Only in narrow circumstances would U.S. law regulate disclosure of threat information. Providers of electronic communication services to the public may not voluntarily disclose to anyone, including government, the contents of user emails under the provisions of the Electronic Communications Privacy Act (ECPA). Nor may they disclose transactional data about communications or user account information to law enforcement without legal process.
Obviously, many critical infrastructure providers and employers aren’t public electronic communications services and are therefore not subject to ECPA. Before Congress votes “yes” on any legislation that says “notwithstanding any particular privacy law,” we should know exactly how and why supporters believe that protection interferes with threat sharing. I haven’t heard one good reason yet.
Regardless, privacy and civil liberties must be respected, and we must remember that the ultimate goal is to build a secure and trustworthy network. That means secure from attackers and governments, including ours. People rightly worry that officials, or an untrustworthy employee, will use our private information to chill freedom of expression, for discriminatory enforcement of laws, or punitive administrative actions. Americans want to research their health problems, look for new jobs and purchase 50 Shades of Gray without having to feel shy. Around the world, the lives of Egyptians, Syrians and other activists are at risk over online activism of the sort we saw during Arab Spring.
For these reasons, when private internet data is collected to be shared with the government, the definition of that data should be narrowly focused on information that makes the network more secure, and shared only for that purpose. No mission creep. NSA or other military agencies shouldn’t have direct access to private communications networks or data. Specifically, this means that any new law must prevent government from using providers as surrogates to perform surveillance that investigators couldn’t lawfully do themselves.
Despite the lack of public knowledge and oversight, private interests succeeded in including language in CISPA that would immunize them from the consequences of cyberattack techniques, despite the fact that these “hack back” approaches can cause damage to innocent parties whose systems have been hijacked by bad guys.
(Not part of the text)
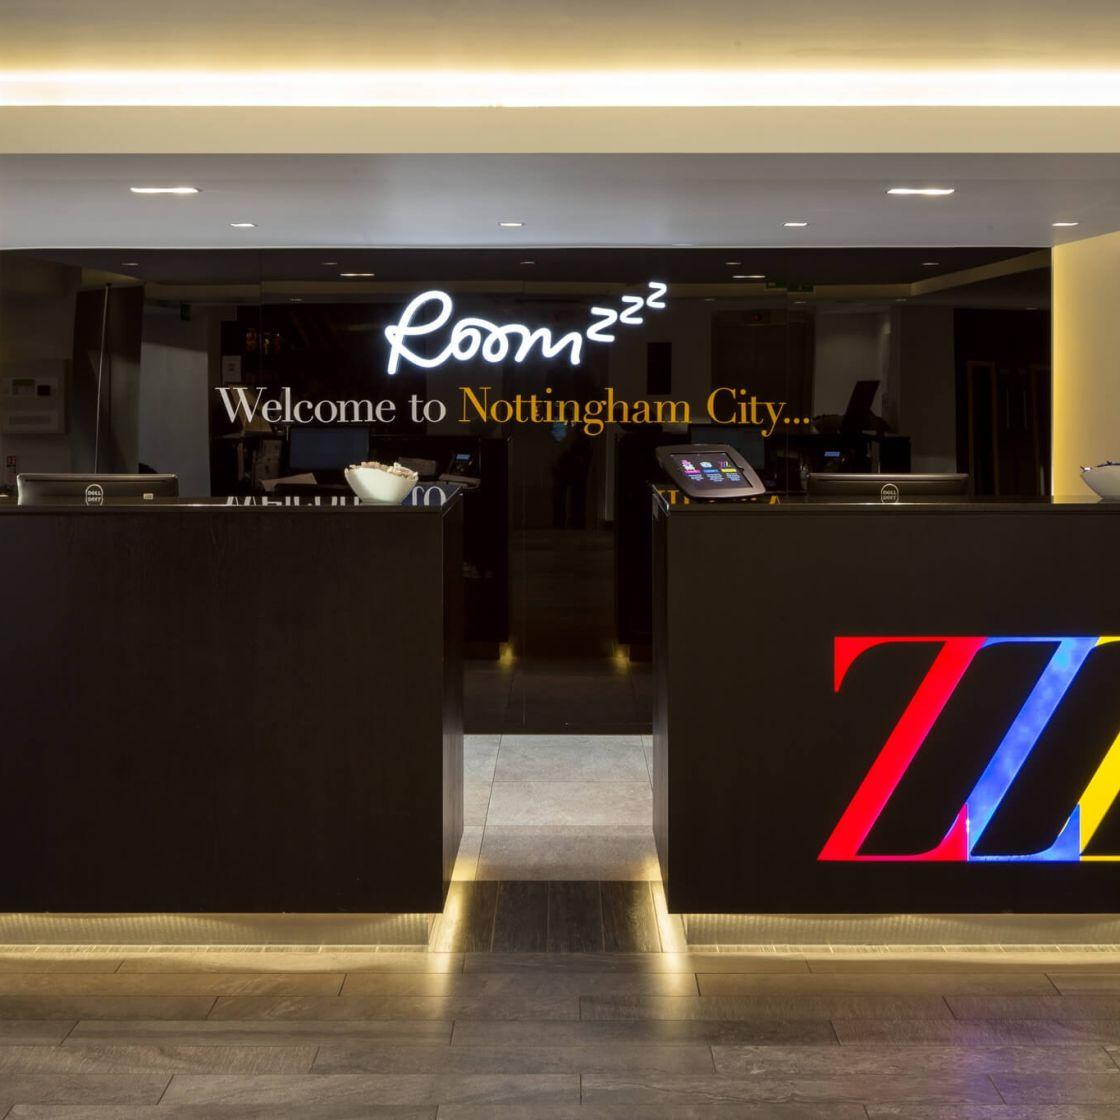 IconInc @ Roomzzz Nottingham City Reception Desk. Student Accommodation in Nottingham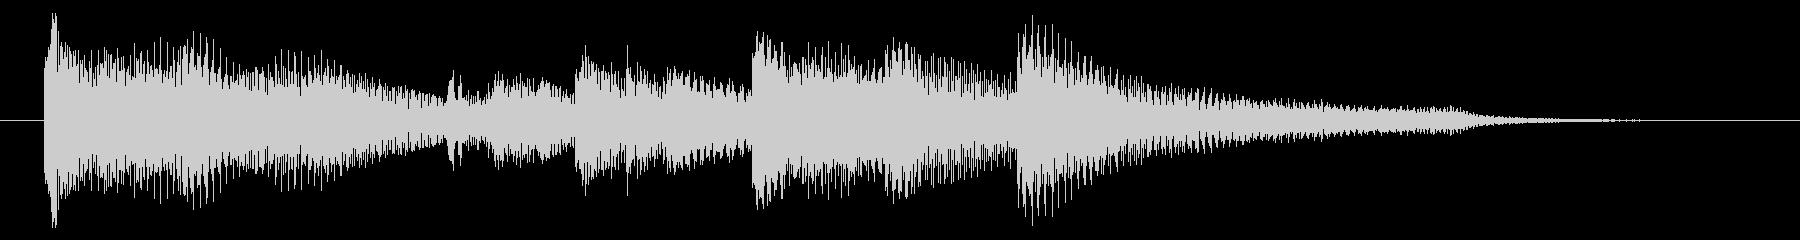 爽やか ピアノ&アコギ ジングル 5秒の未再生の波形

Our government is also developing cyberwarfare capabilities that are both defensive and offensive. For example, the U.S. has developed some of the most sophisticated malware ever developed, namely the Stuxnet virus. That virus has, inevitably, migrated from the Iranian systems we targeted to infect computers around the world, including in the United States. It’s a bitter irony that commentators crying out for federal intervention in private security practices cited Stuxnet as a reason, before the U.S. government’s role in creating and releasing it was fully known. We’ve seen the enemy, and guess what guys? It’s us.
There has not, and may never be, a robust public or congressional debate on the wisdom of offensive cybertechnology. As a result, legislation intended to secure the network should neither encourage nor immunize private or public actors from the ramifications of such strategies.